**Task objective**
From the first line to the last, give the material again exactly, without the images.

**Given data**
----
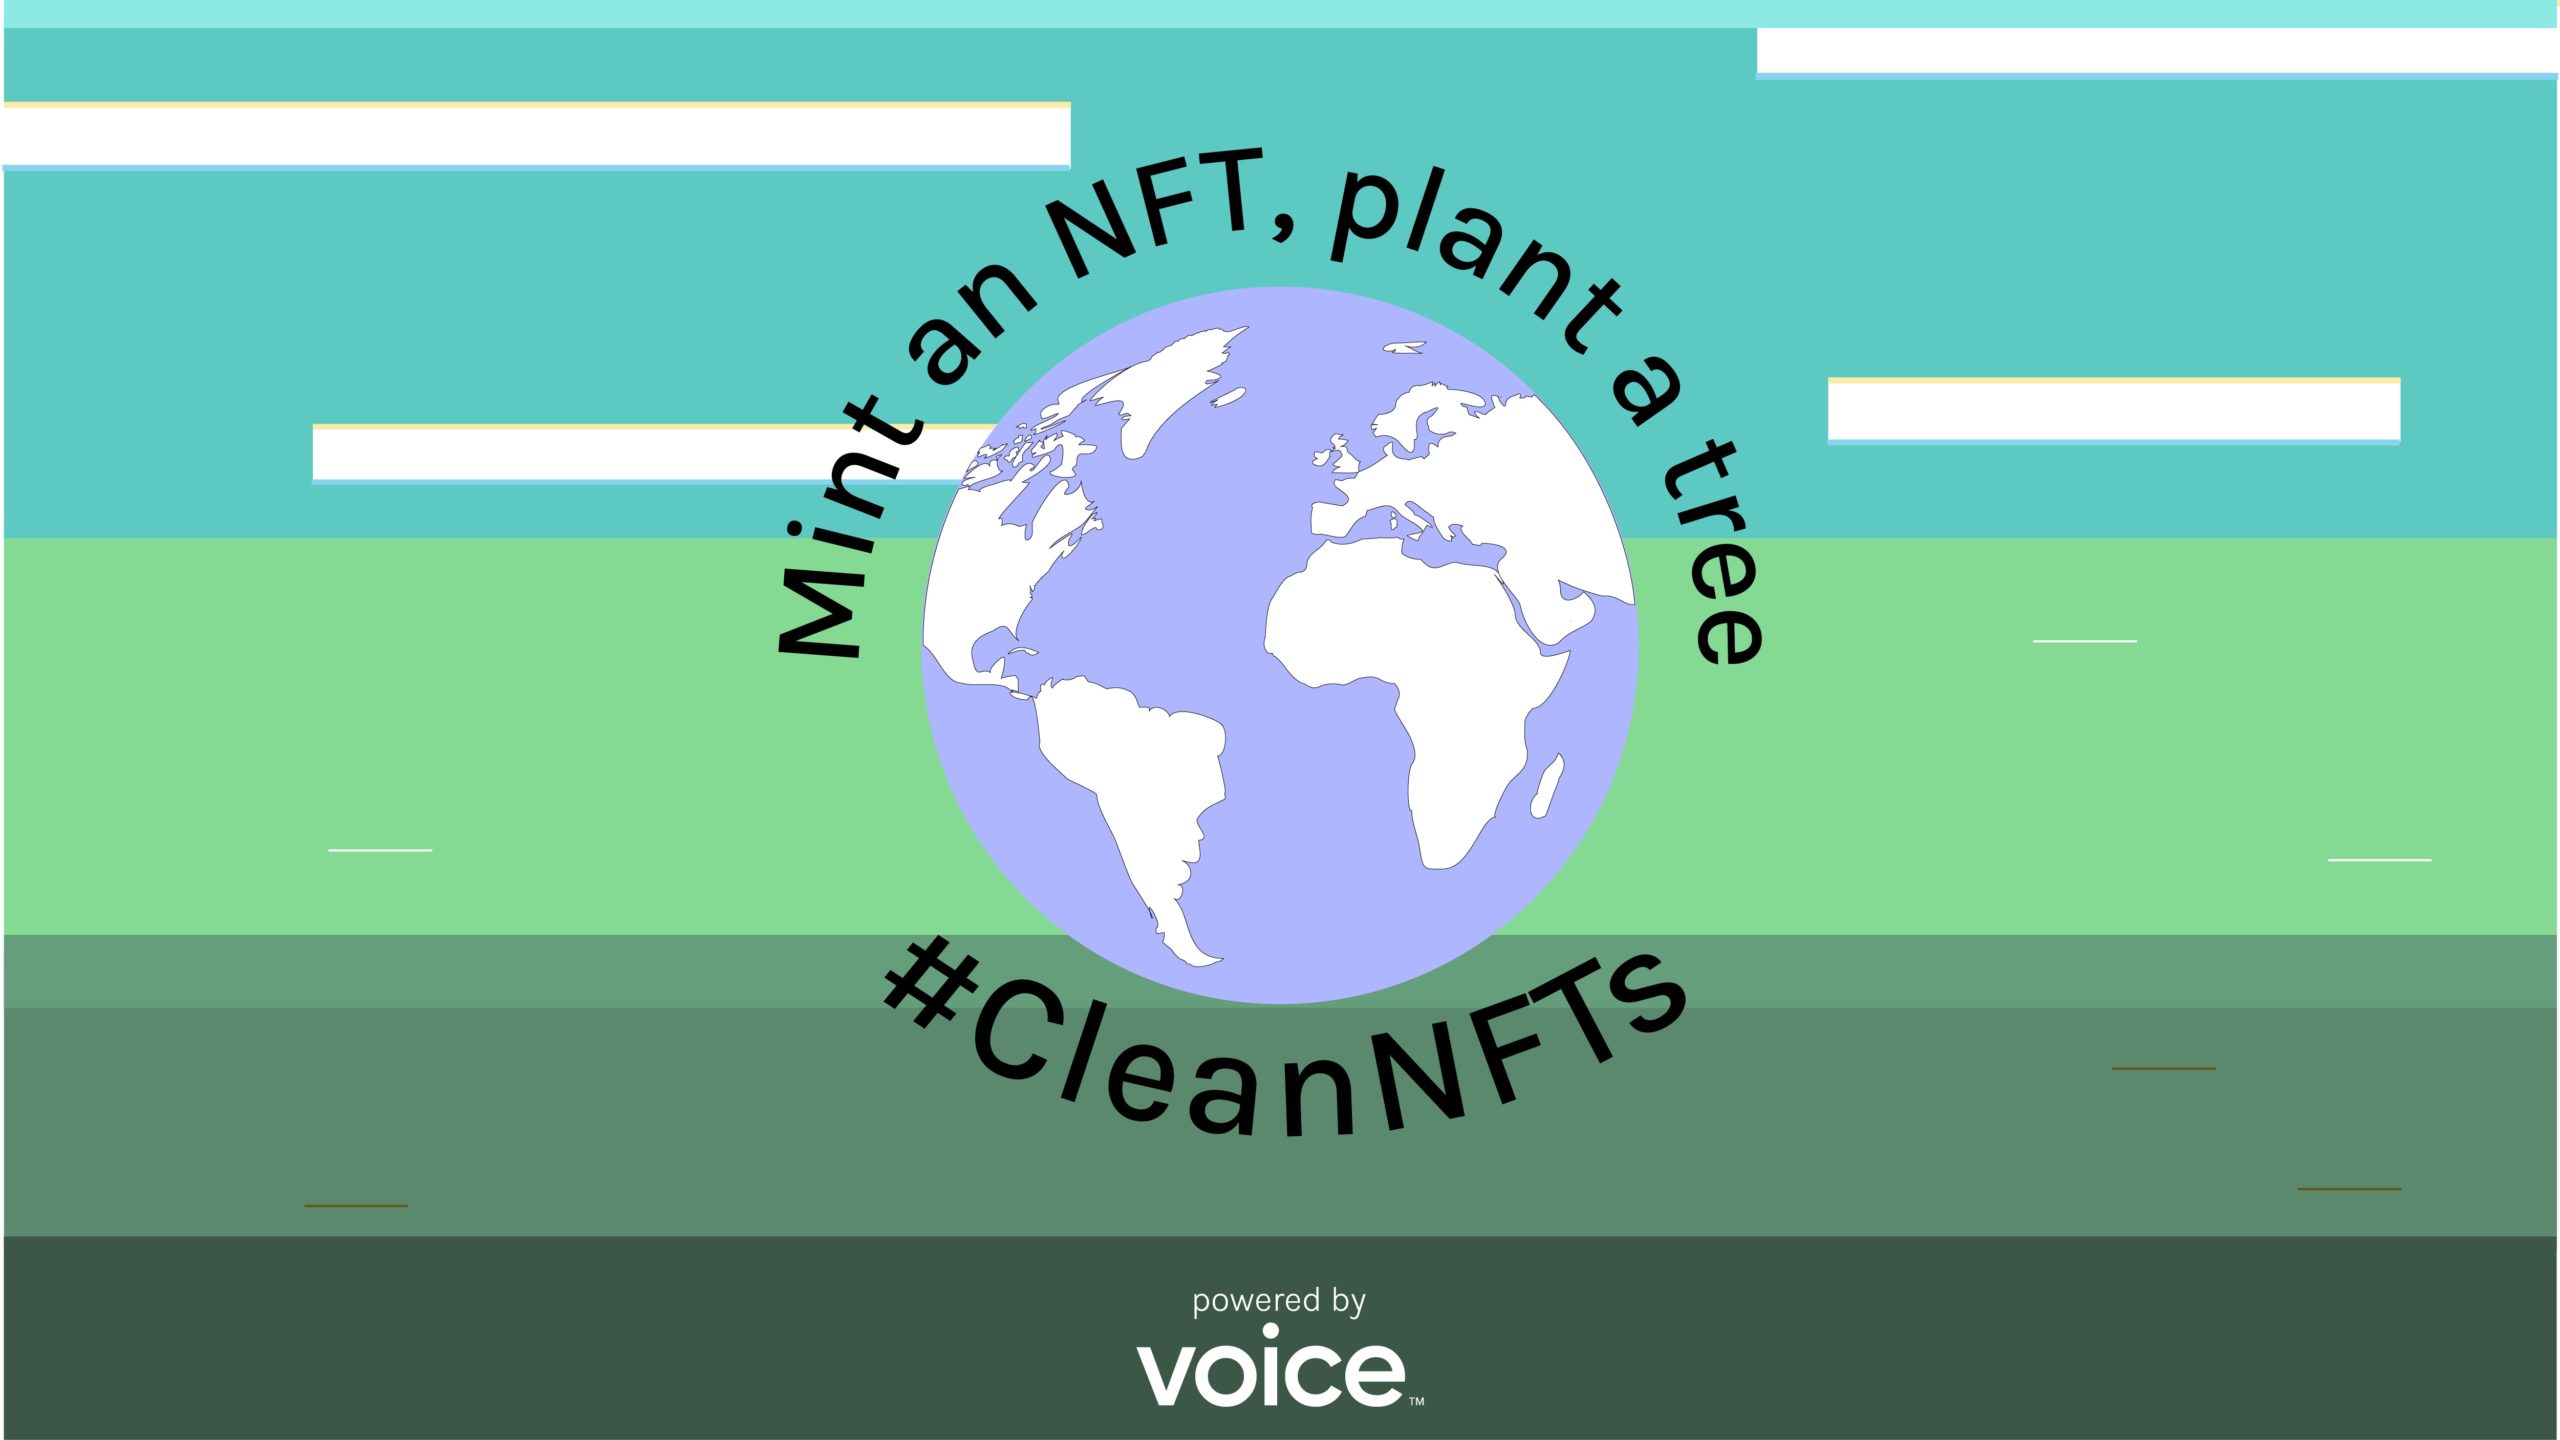 Voice #CleanNFTs
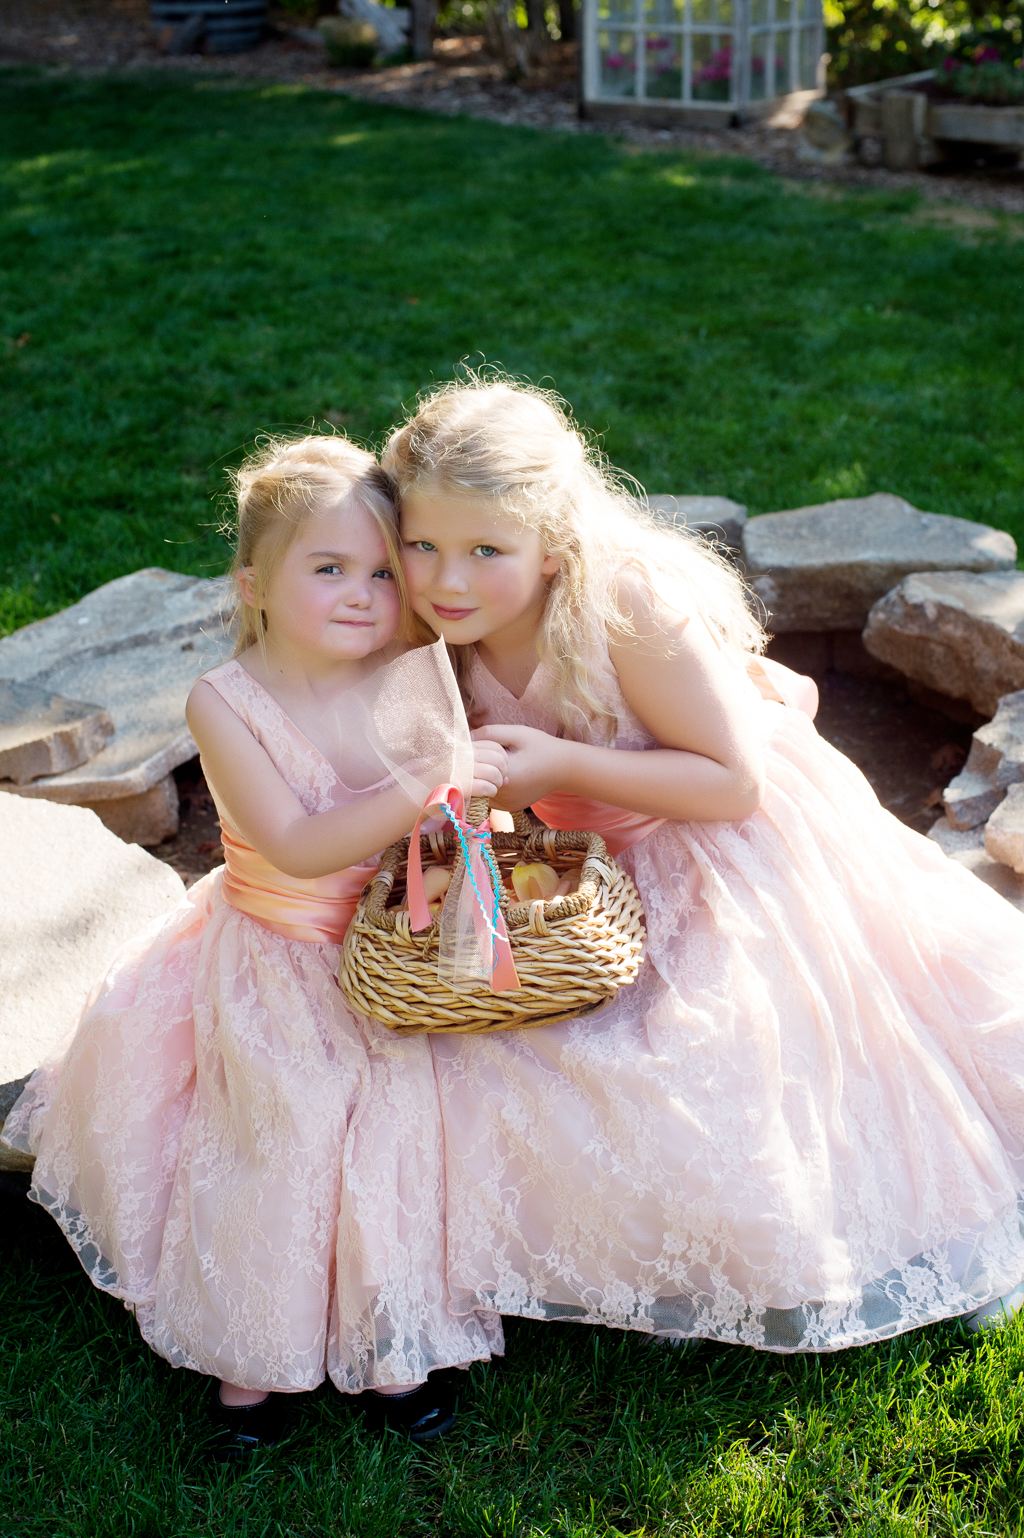 flower girls in pink dresses hold a basket and hug together
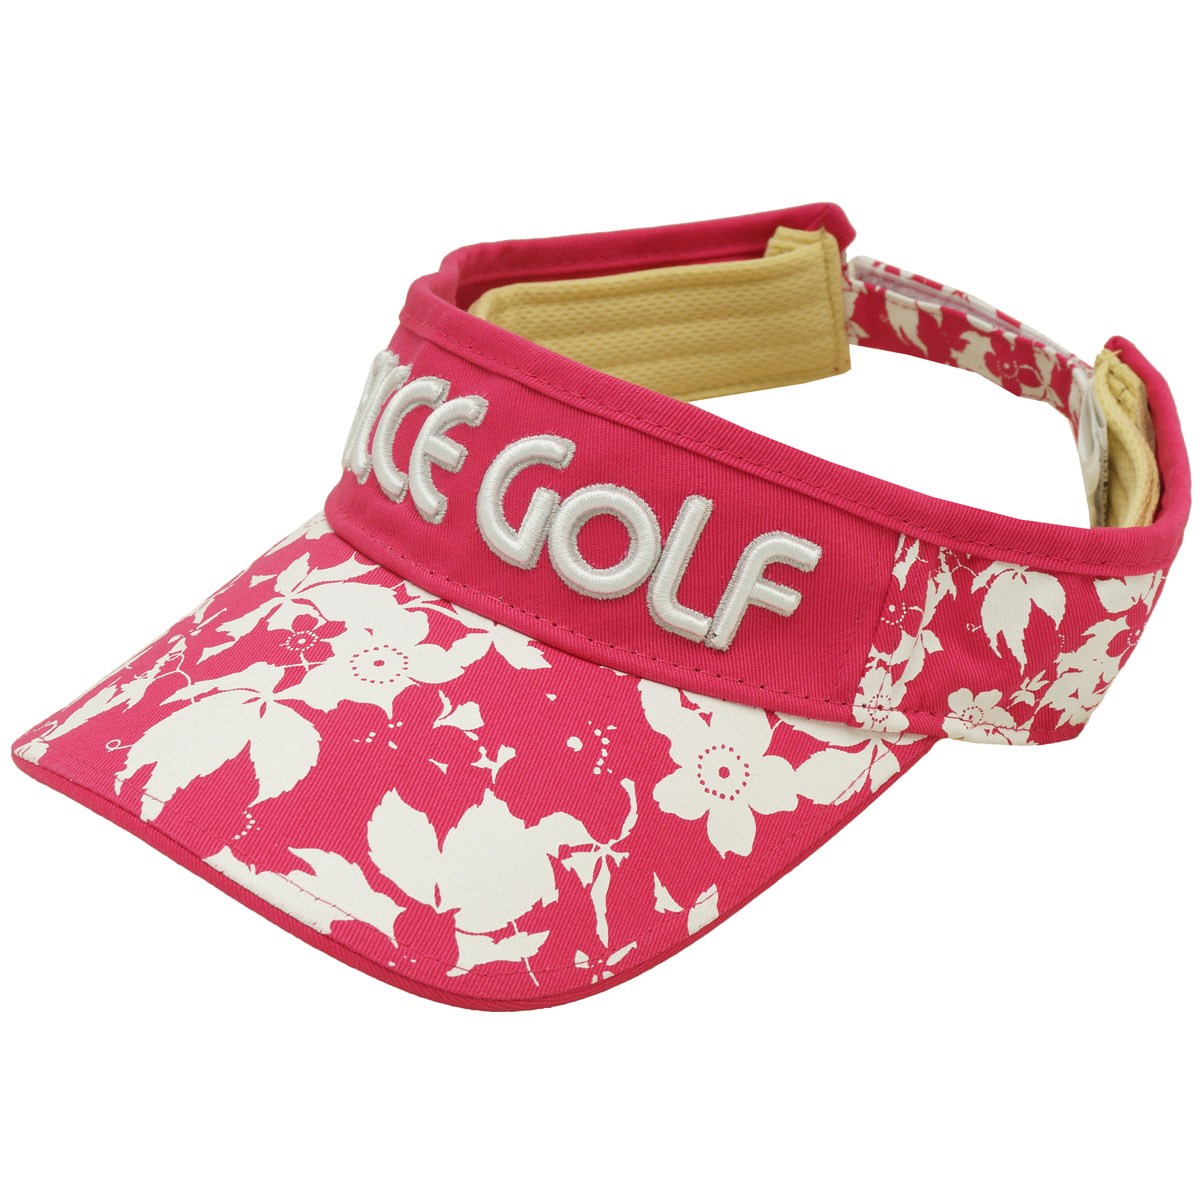  [定番モデル] フィッチェゴルフ サンバイザー ゴルフウェア 帽子
----
**Result for this exercise**
 Voice #CleanNFTs
 flower girls in pink dresses hold a basket and hug together
  [定番モデル] フィッチェゴルフ サンバイザー ゴルフウェア 帽子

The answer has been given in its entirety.